Please return the data word for word and leave out any picture it contains.

Stored data =
◆ ◆ ◆ ◆

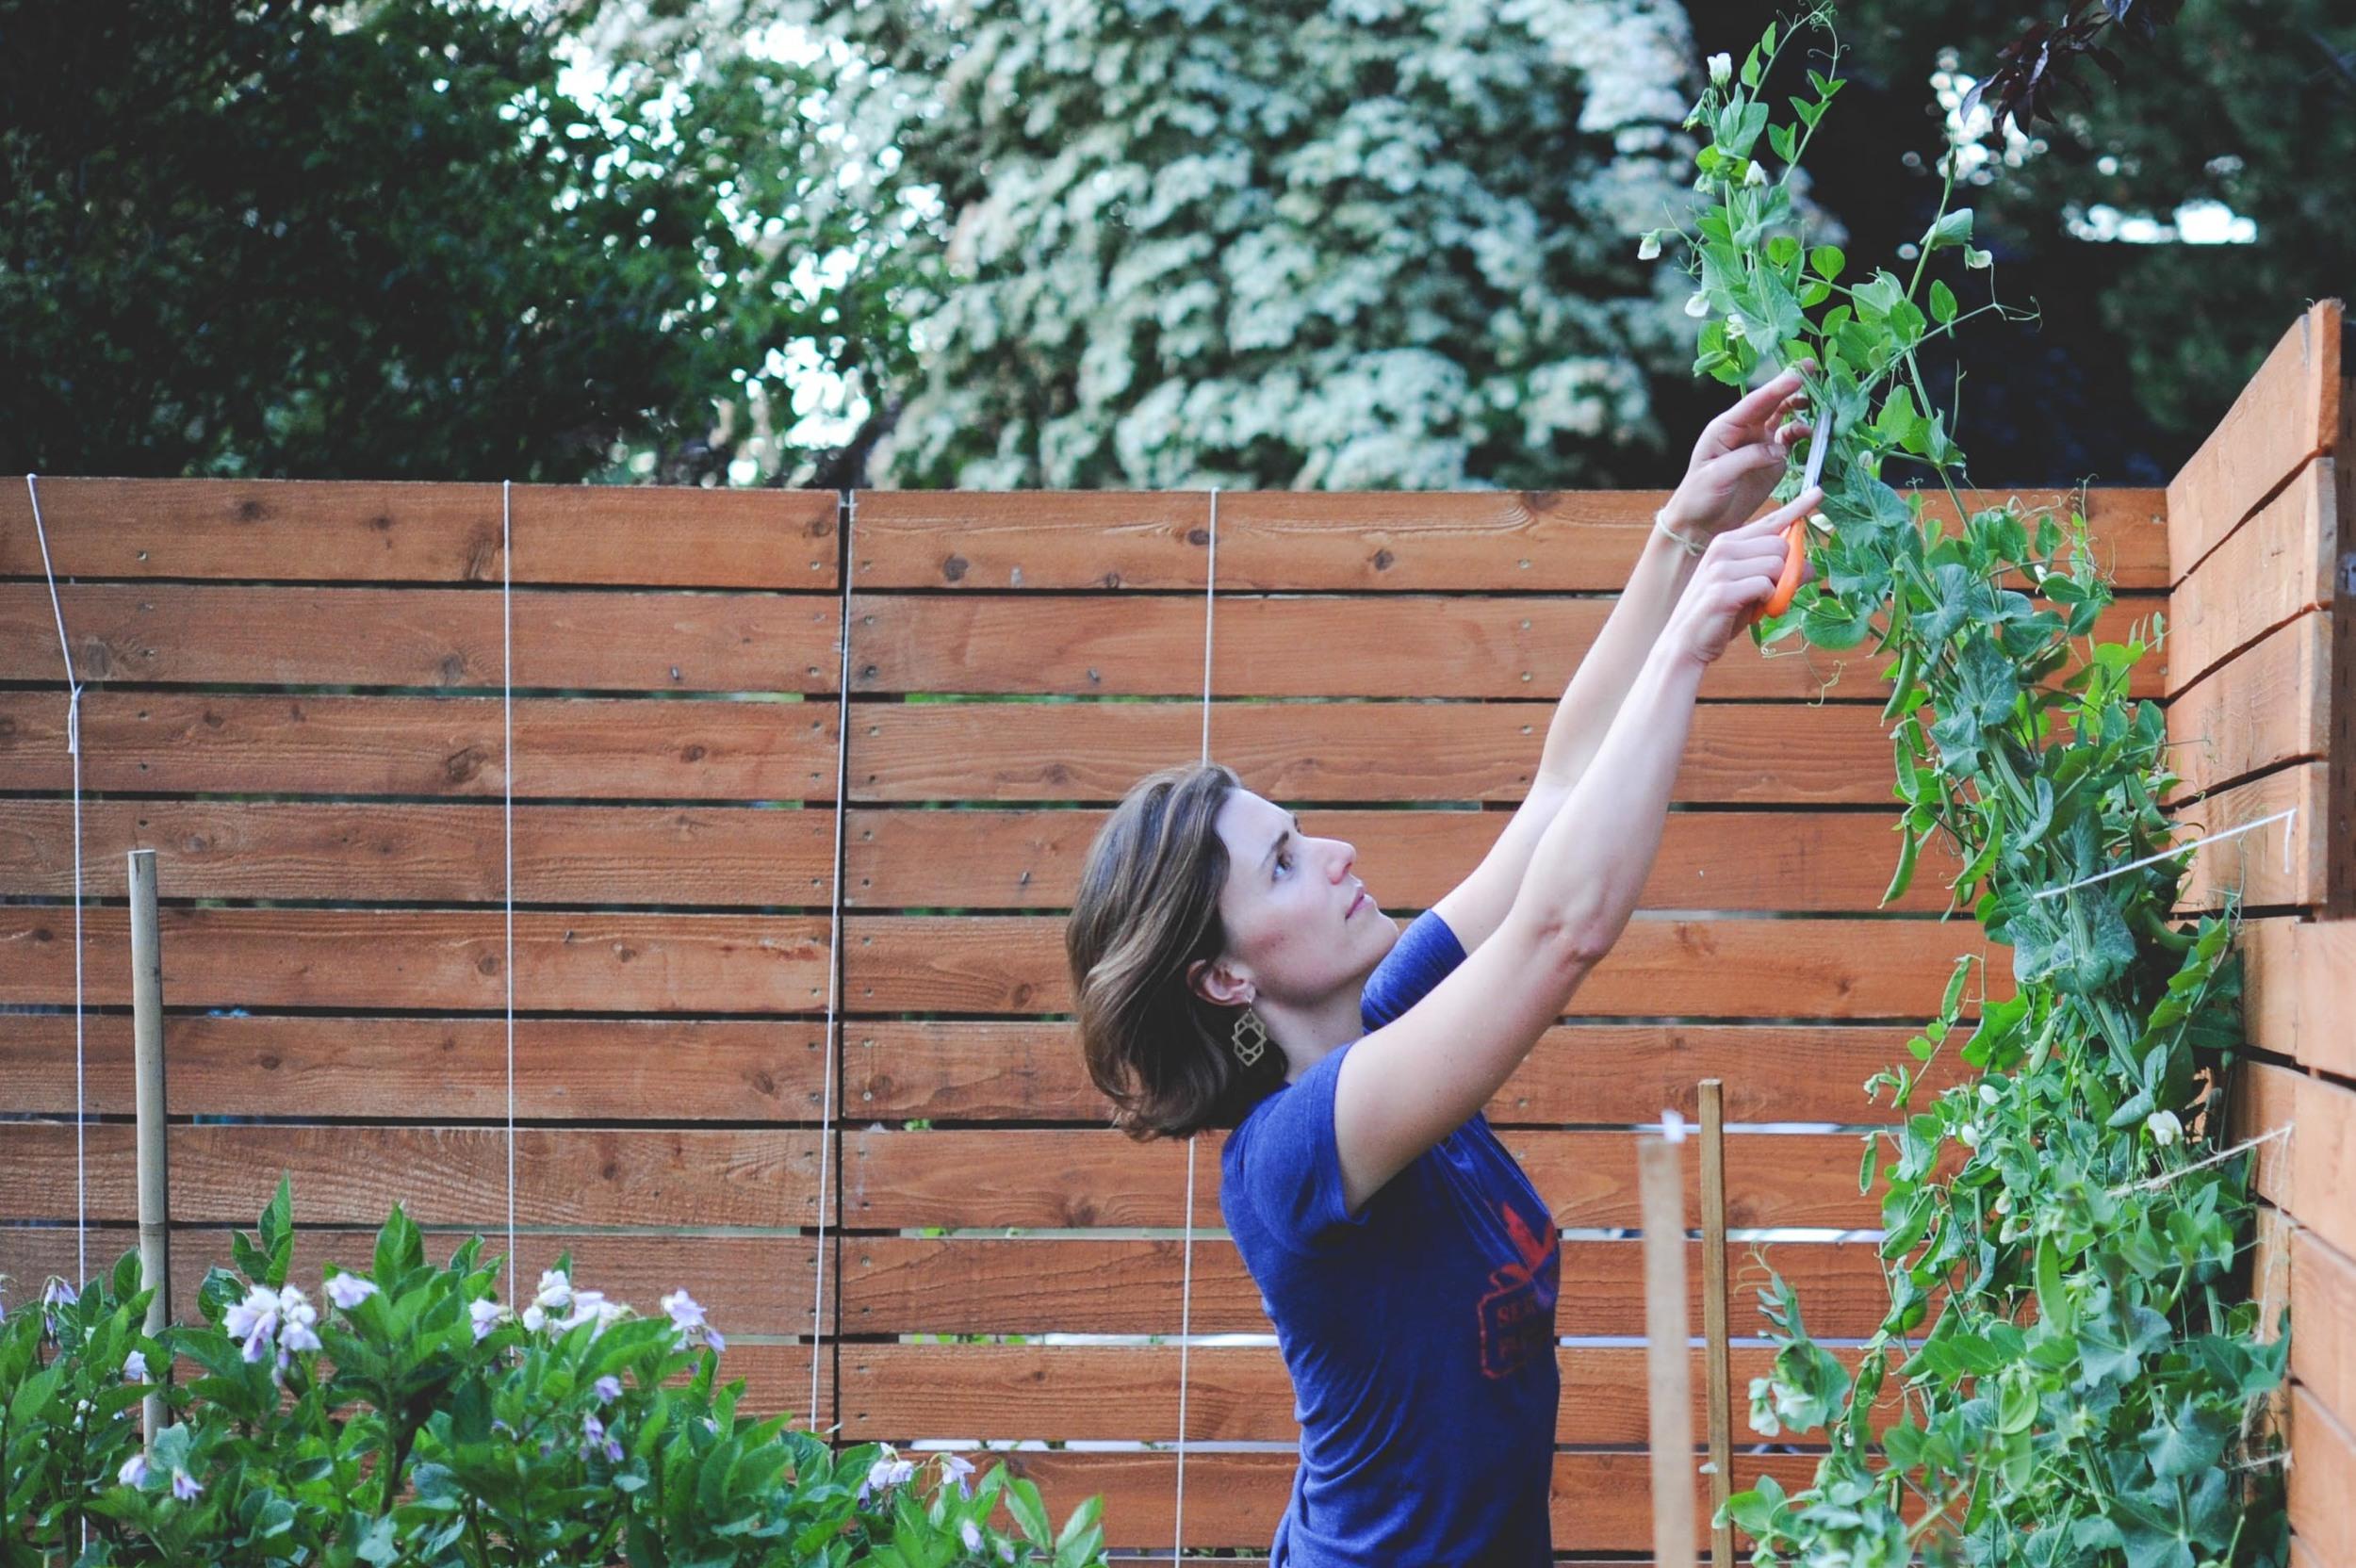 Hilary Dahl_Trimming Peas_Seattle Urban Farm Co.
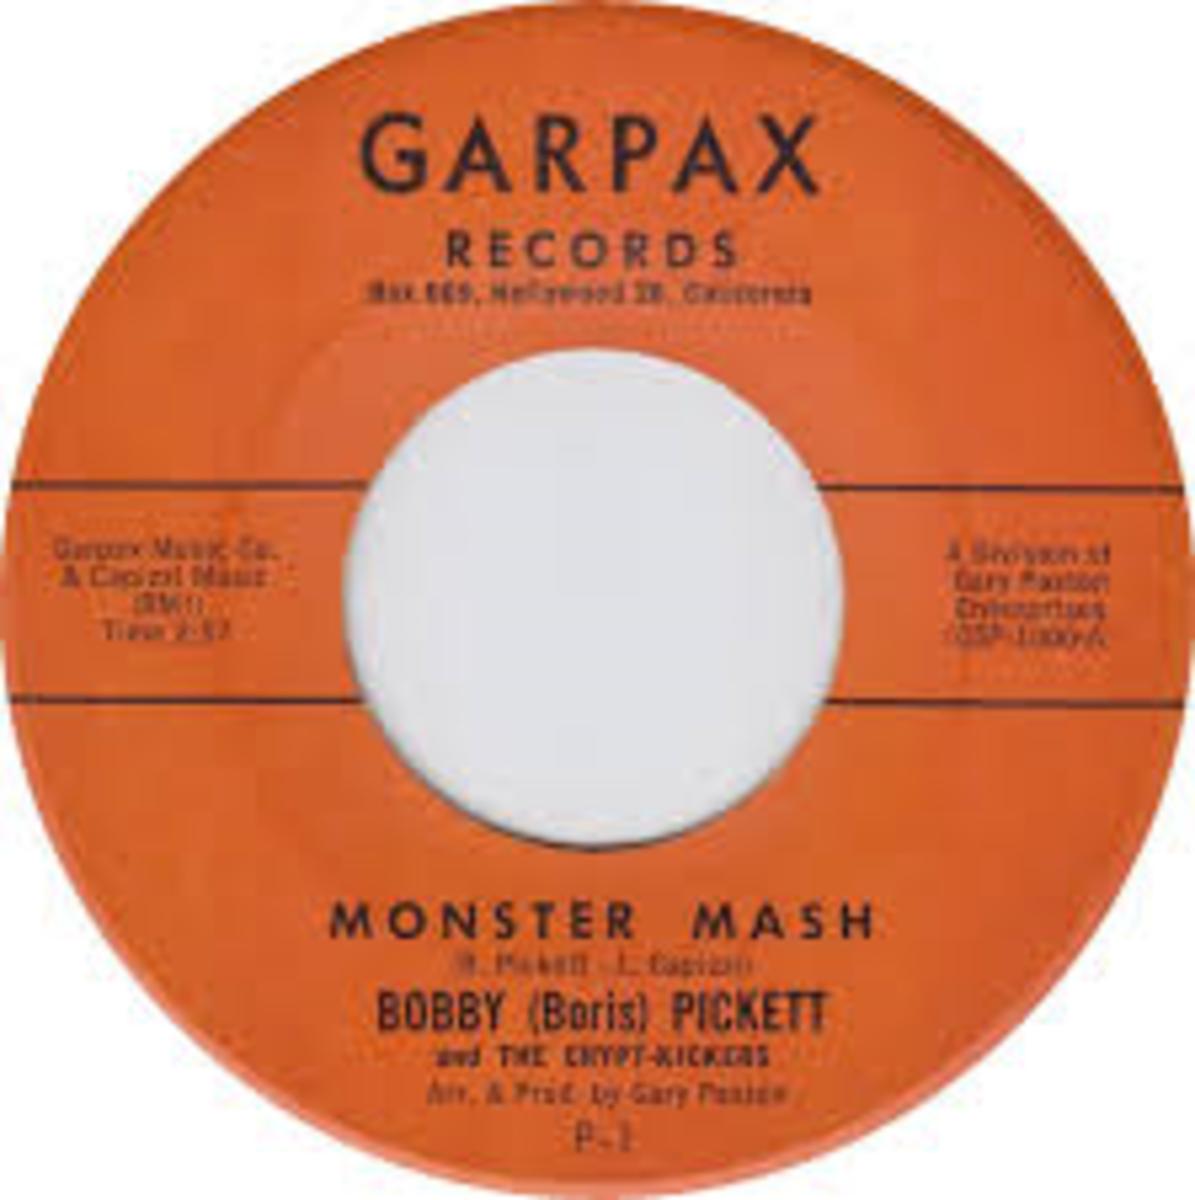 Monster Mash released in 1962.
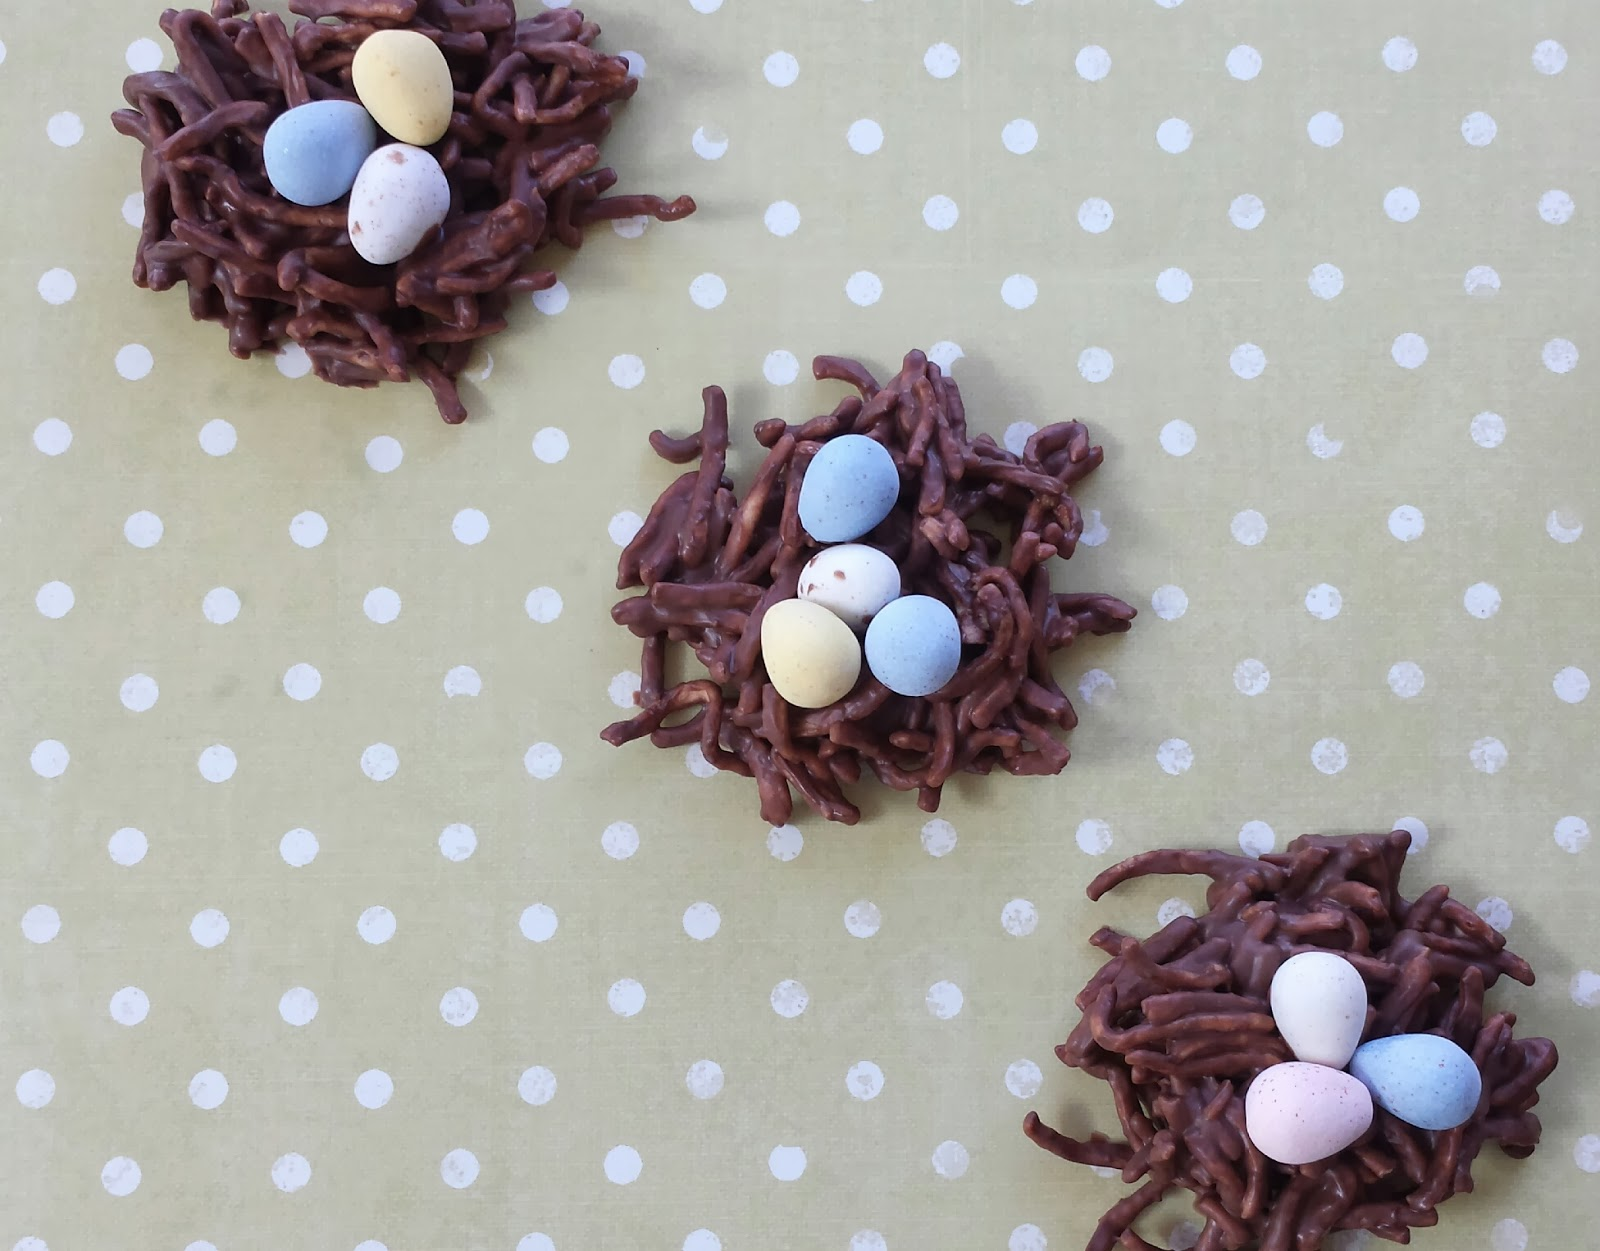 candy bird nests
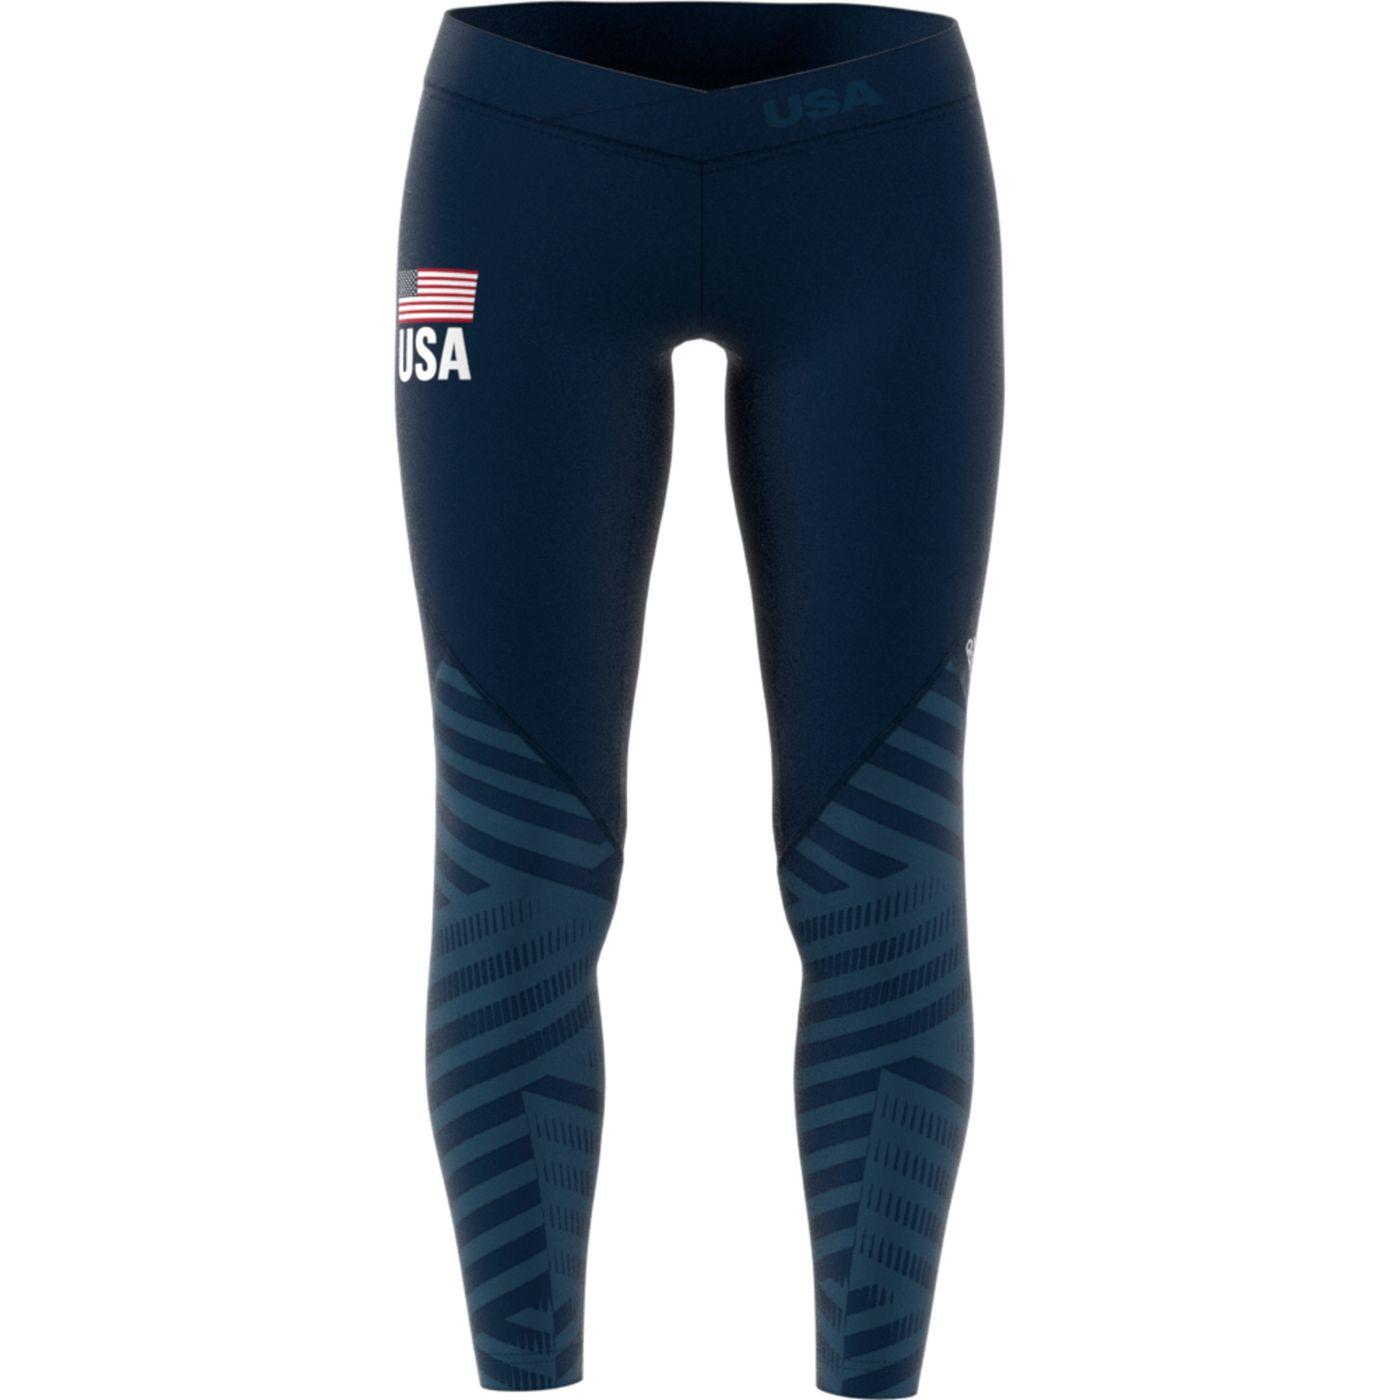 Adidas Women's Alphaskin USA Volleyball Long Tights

◆ ◆ ◆ ◆

Exercise response =
 Hilary Dahl_Trimming Peas_Seattle Urban Farm Co.
 Monster Mash released in 1962.
 candy bird nests
 Adidas Women's Alphaskin USA Volleyball Long Tights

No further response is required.